Docker is an open platform for building, shipping, and running distributed applications. Dockerized applications can run locally on a developer's machine, and they can be deployed to production across a cloud-based infrastructure. Docker lends itself to rapid development and enables continuous integration and continuous deployment like almost no other technology does. In short, Docker is a platform that every developer should be familiar with.
This installment of Open source Java projects introduces Java developers to Docker. I'll explain why it's important to developers, walk you through setting up and deploying a Java application to Docker, and show you how to integrate Docker into your build process.
A little over a decade ago, software applications were large and complex things, deployed to large machines. In the Java world, we developed enterprise archives (EARs) that contained both Enterprise JavaBeans (EJB) and web components (WARs), then we deployed them to large application servers. We did everything that we could to design our applications to run optimally on large machines, maximizing all of the resources available to us.
In the early 2000s, with the advent of the cloud, developers began using virtual machines and server clusters to scale out applications to meet user demand.
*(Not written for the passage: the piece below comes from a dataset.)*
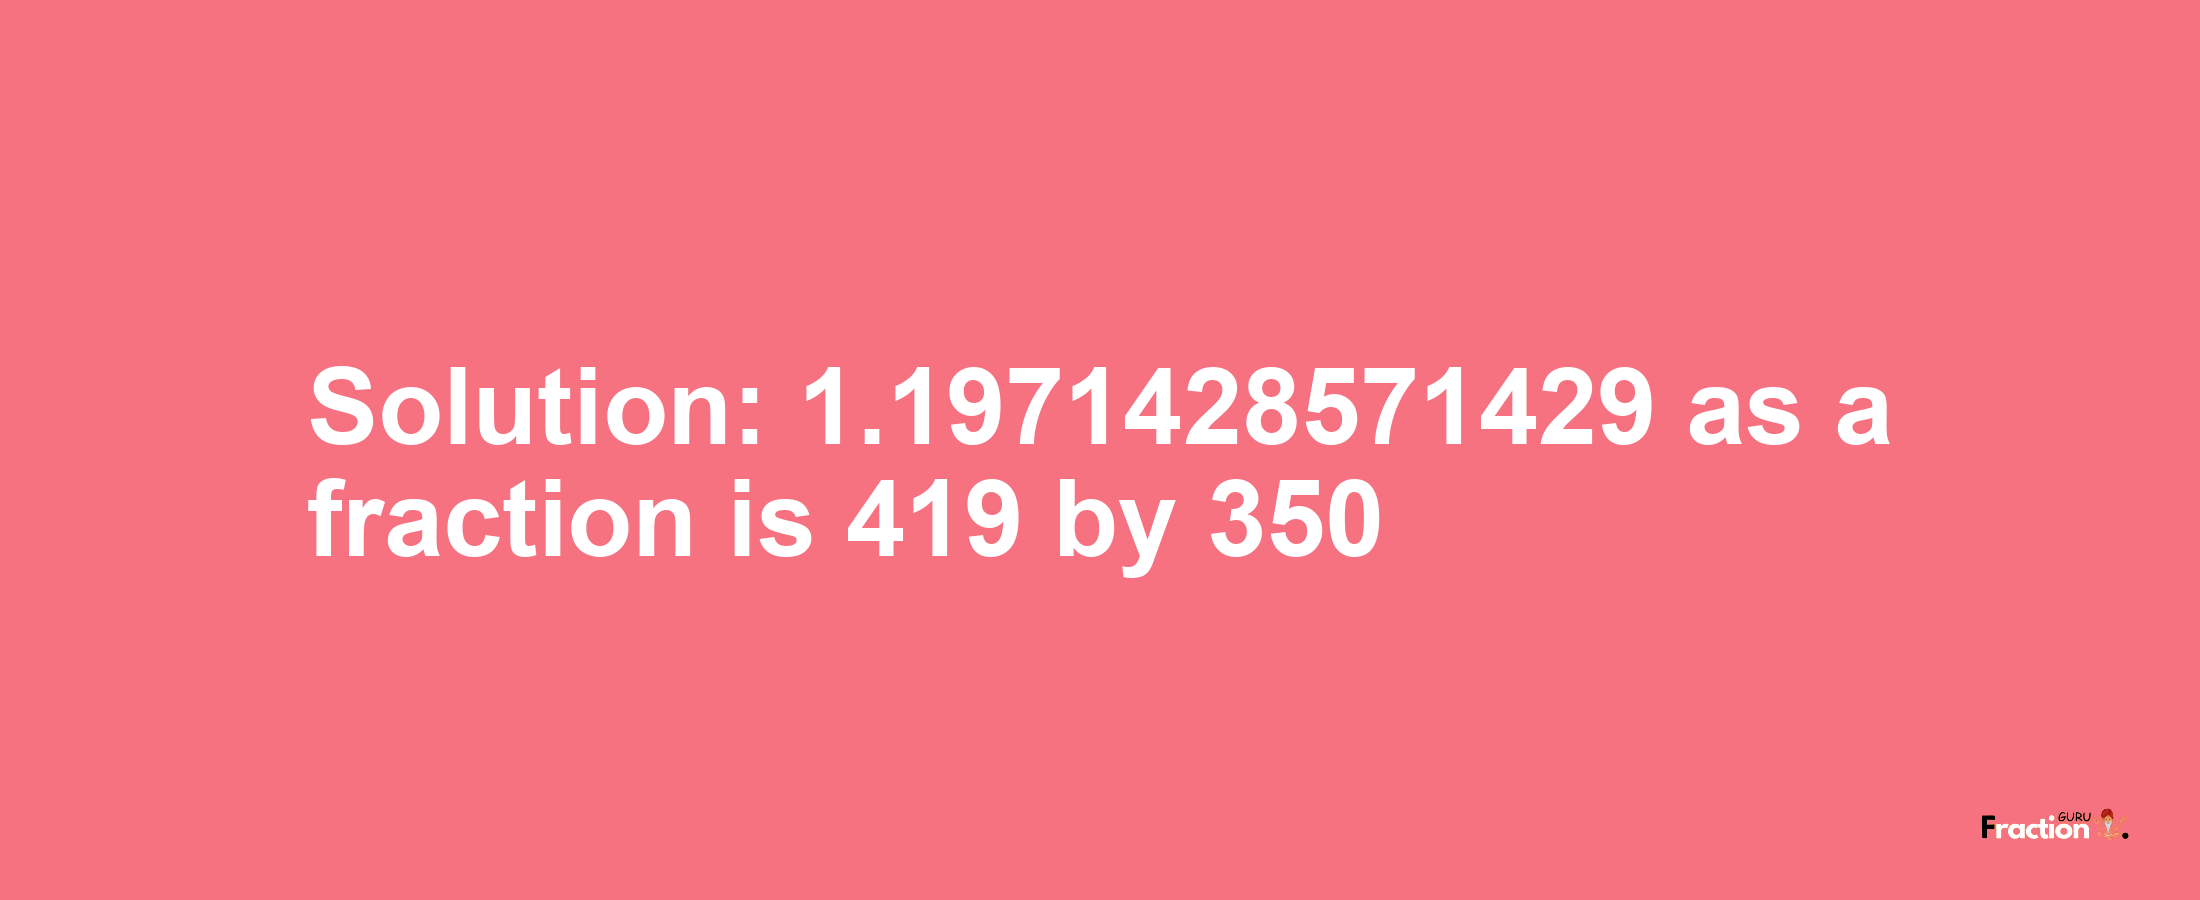 Solution:1.1971428571429 as a fraction is 419/350

Applications deployed virtually had to be designed quite differently from the monoliths of years past. Lighter weight, service-oriented applications were the new standard. We learned to design software as a collection of interconnected services, with each component being as stateless as possible. The concept and implementation of scalable infrastructure transformed; rather than depend on the vertical scalability of a single large machine, developers and architects started thinking in terms of horizontal scalability: how to deploy a single application across numerous lightweight machines.
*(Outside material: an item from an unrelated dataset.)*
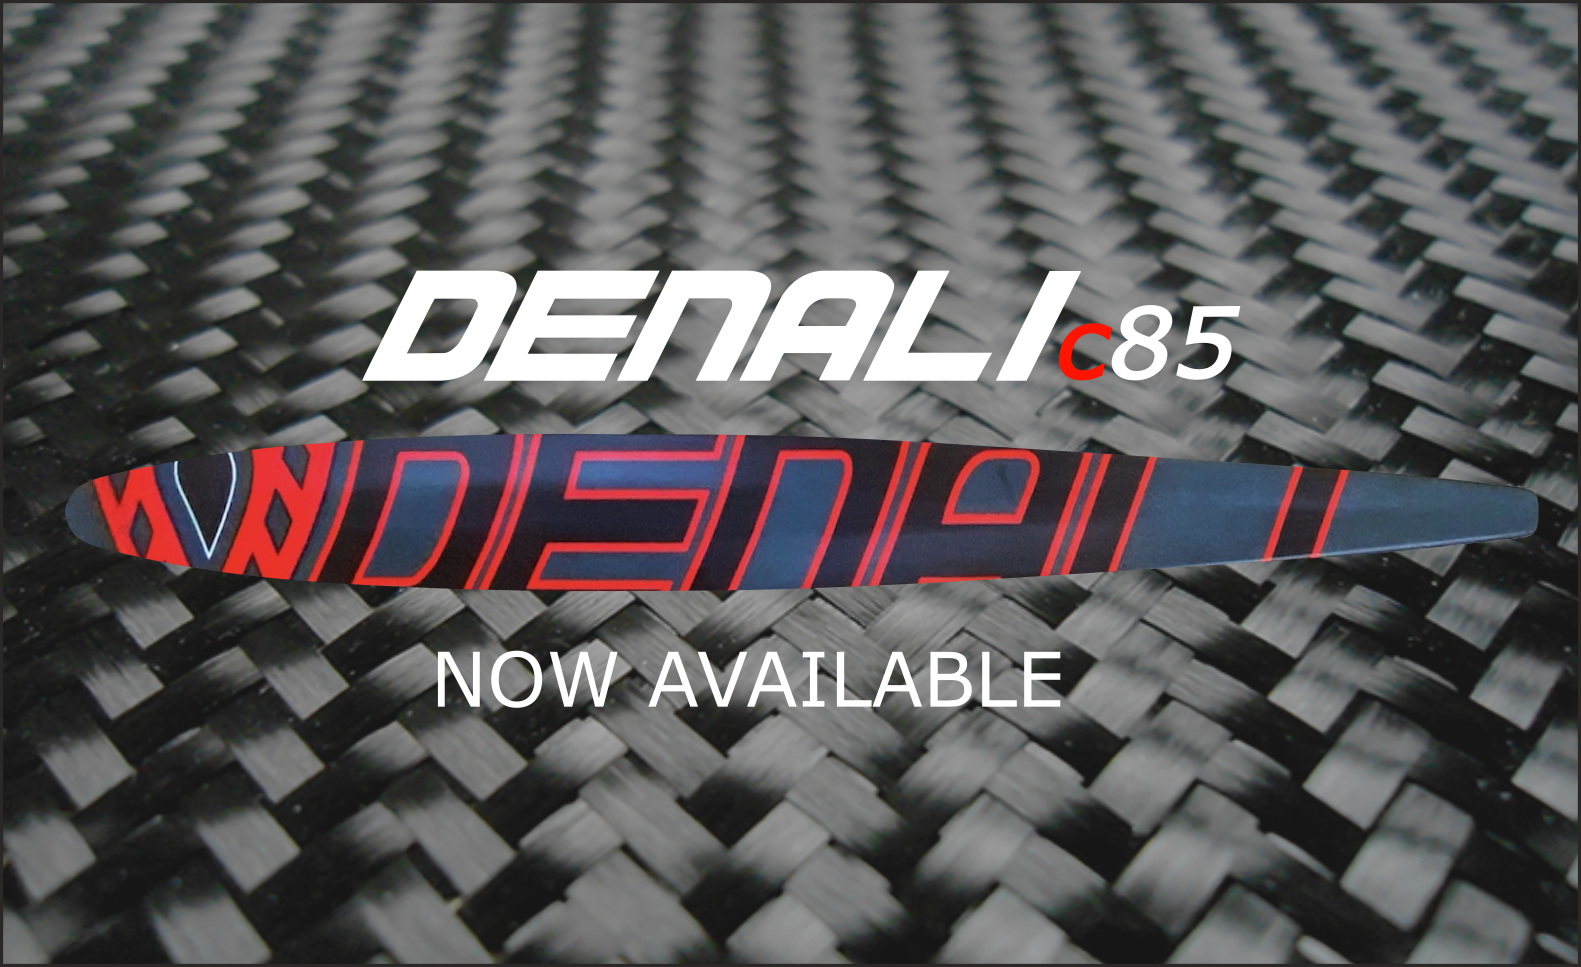 Introducing the all new Denali c85

Docker takes this virtualization a step further, providing a lightweight layer that sits between the application and the underlying hardware. Docker runs the application as a process on the host operating system. Figure 1 compares a traditional virtual machine to Docker.
A traditional virtual machine runs a hypervisor on the host operating system. The OS, in turn, runs a full guest operating system inside the virtual machine. The guest operating system then hosts the binaries and libraries required to run an application.
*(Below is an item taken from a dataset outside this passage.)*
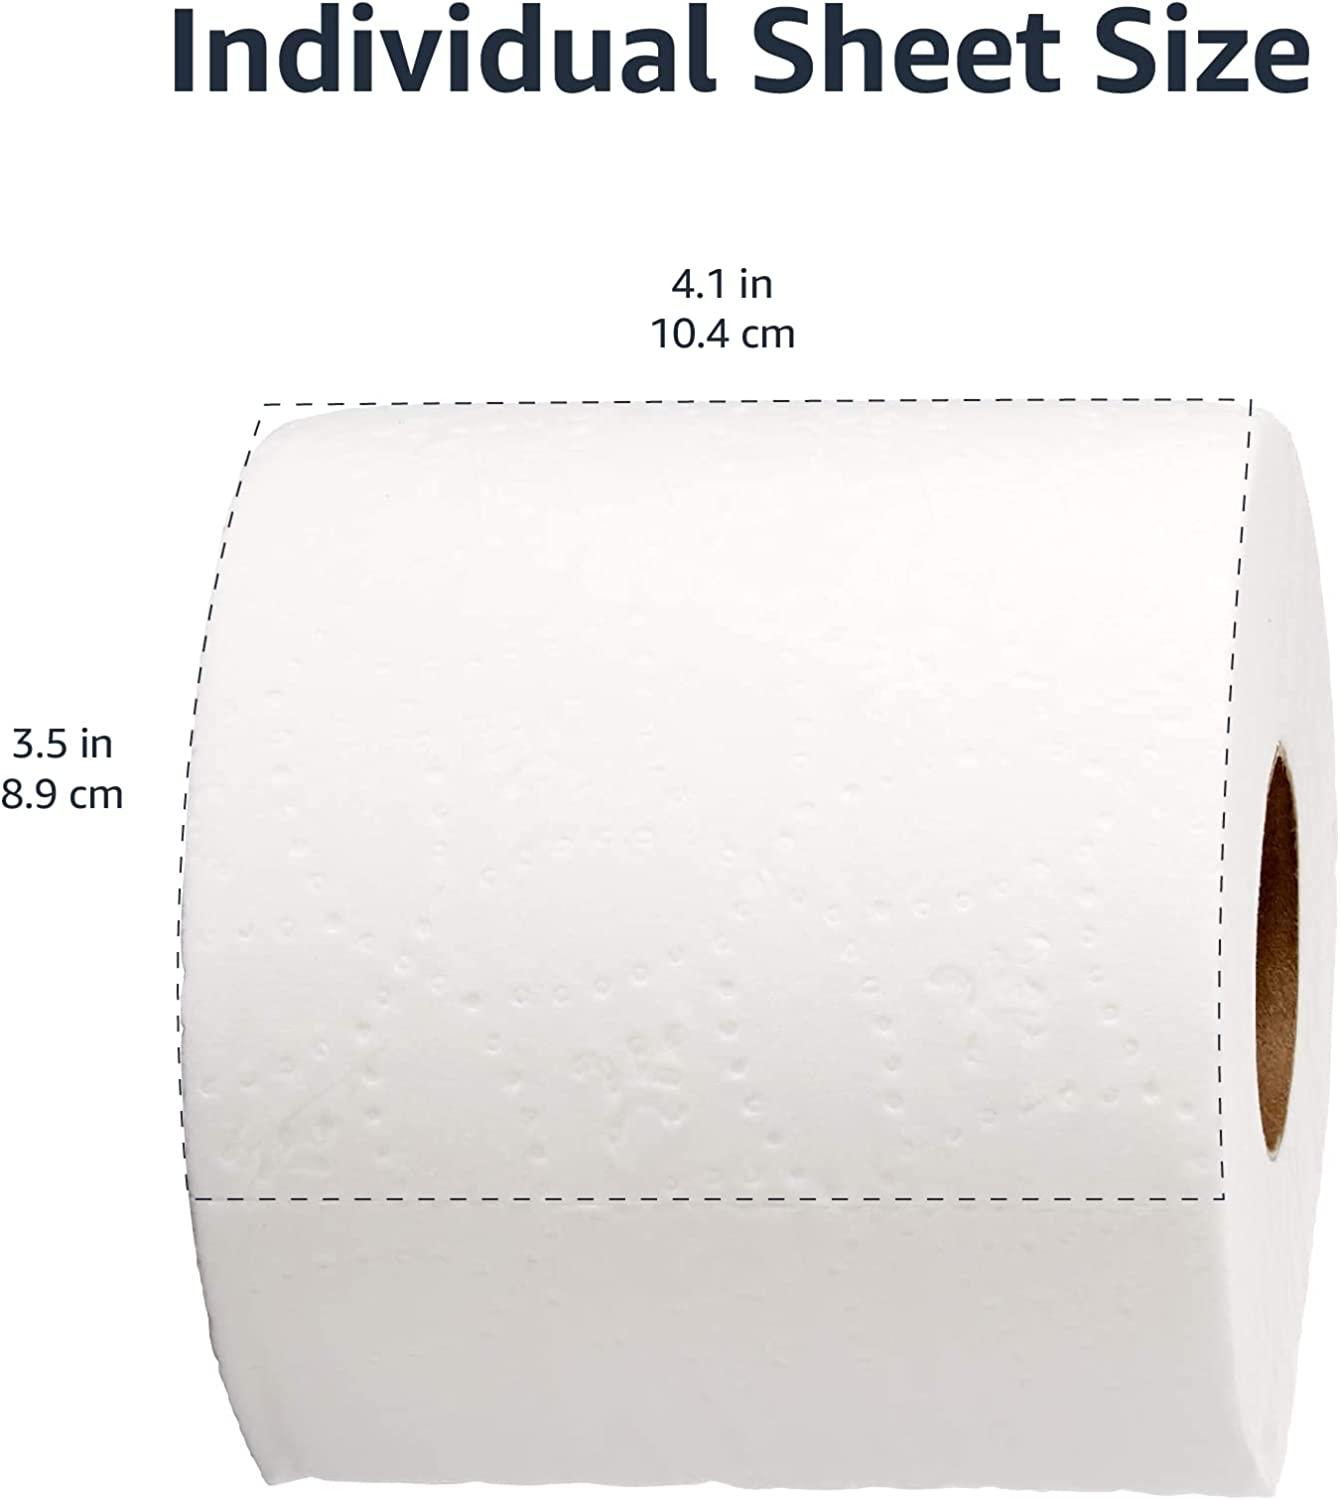 Commercial 2-Ply Quick Dispensing Toilet Paper for RV's & Marine,  Waste-Tank Compatible, Unscented, 7200 Count, 24 Packs of 300 Sheet per  Roll

Docker, on the other hand, provides a Docker engine, which is a daemon that runs on the host operating system. The Docker engine translates operating system calls in the Docker container to native calls on the host operating system. A Docker image, which is the template from which Docker containers are created, contains a bare-bones operating system layer, and only the binaries and libraries required to run an application.
The differences might seem subtle, but in practice they are profound.
Understanding process virtualization
When we look at the operating system in a virtual machine, we see the virtual machine's resources, such as its CPU and memory. When we run a Docker container, we directly see the host machine's resources. I liken Docker to a process virtualization platform rather than a machine virtualization platform. Essentially, your application is running as a self-contained and isolated process on the host machine. Docker achieves isolation by leveraging a handful of Linux constructs, such as cgroups and namespaces, to ensure that each process runs as an independent unit on the operating system.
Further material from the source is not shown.